NICE’s single technology appraisal (STA) process is specifically designed for the appraisal of a single product, device or other technology, for a single indication, for which most of the relevant evidence lies with one manufacturer or sponsor. 1 Typically, it is used for new pharmaceutical products close to launch. The principal evidence for an STA is derived from a submission by the manufacturer/sponsor of the technology.
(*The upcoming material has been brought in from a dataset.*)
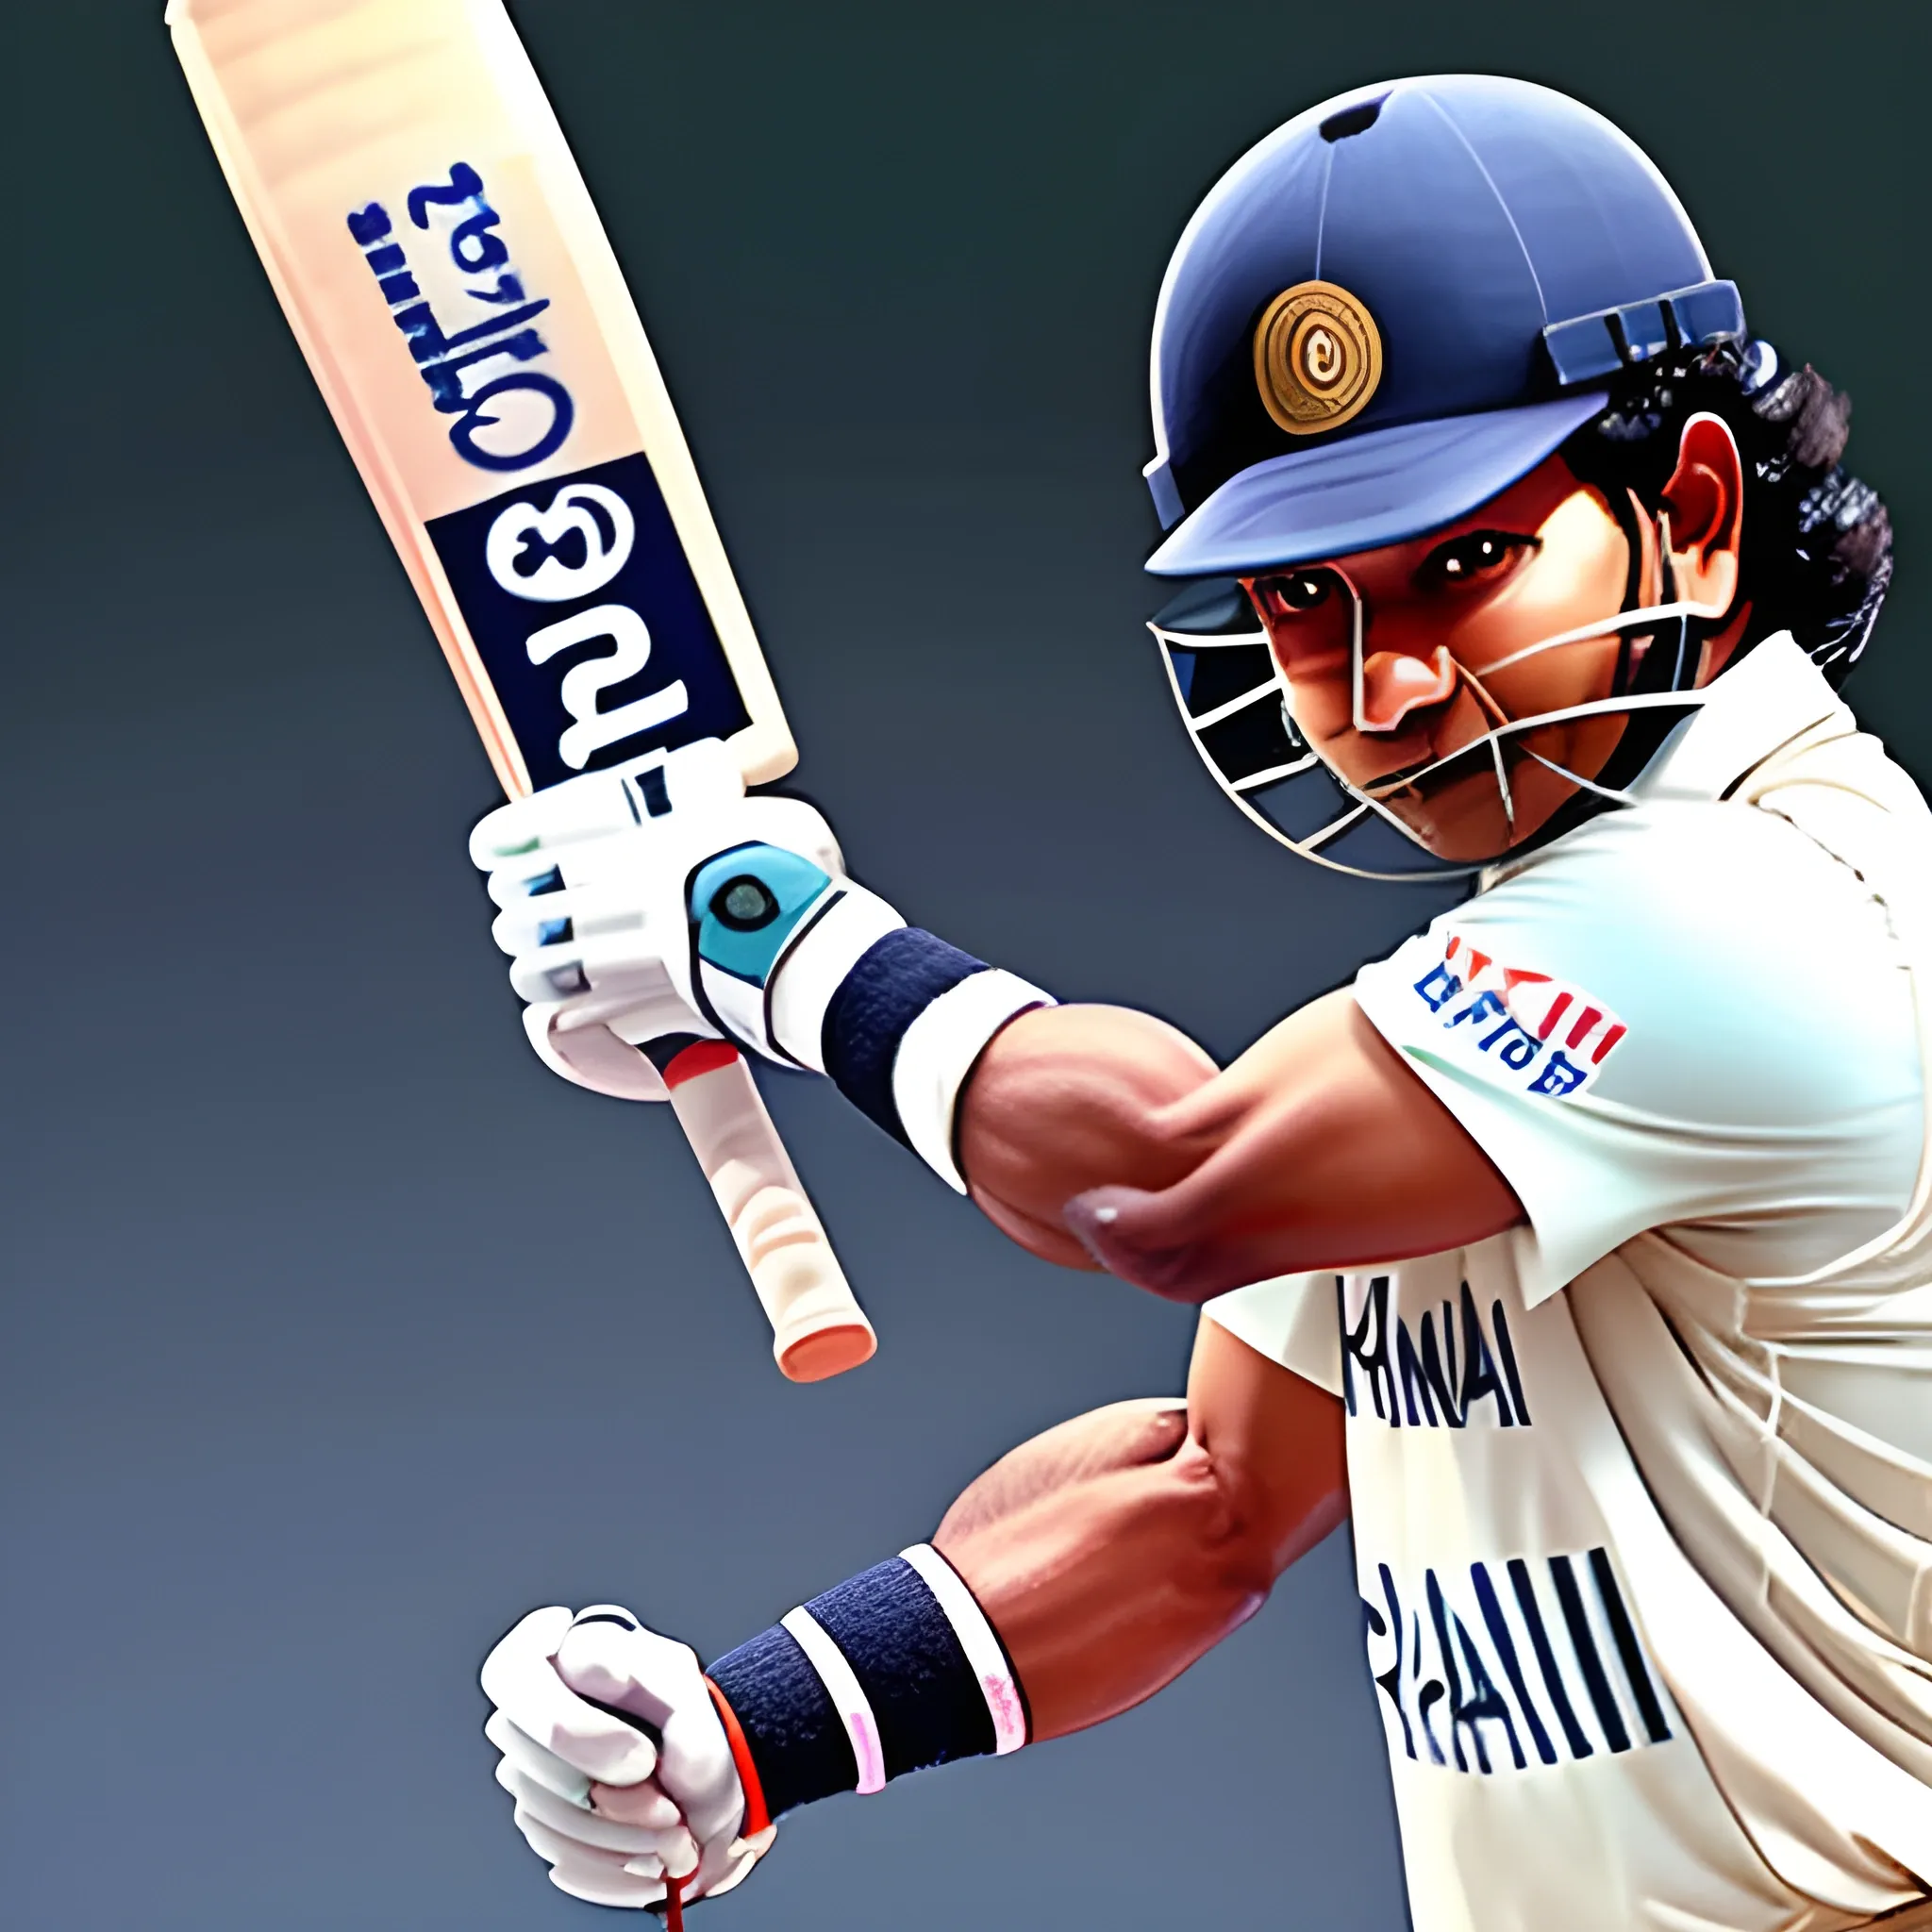 ((Sachin Tendulkar)) fighting with ((Rahul Dravid)) with bat in hand, ultra HD, hyper realistic, great face details

In addition, a report reviewing the evidence submission is submitted by the evidence review group (ERG), an external organisation independent of NICE. This paper presents a summary of the ERG report for the STA of the clinical effectiveness and cost-effectiveness of rituximab for the first-line treatment of chronic lymphocytic leukaemia. 2
Description of the underlying health problem
Chronic lymphocytic leukaemia (CLL) is the most common type of leukaemia, comprising approximately 30% of all adult leukaemias. The incidence is about 3 per 100,000, but this varies with age and sex. The median age of diagnosis is between 65 and 70 years, and men are twice as likely to be affected as women. Incidence increases significantly with age, with a rate of almost 50 per 100,000 in patients over 70 years.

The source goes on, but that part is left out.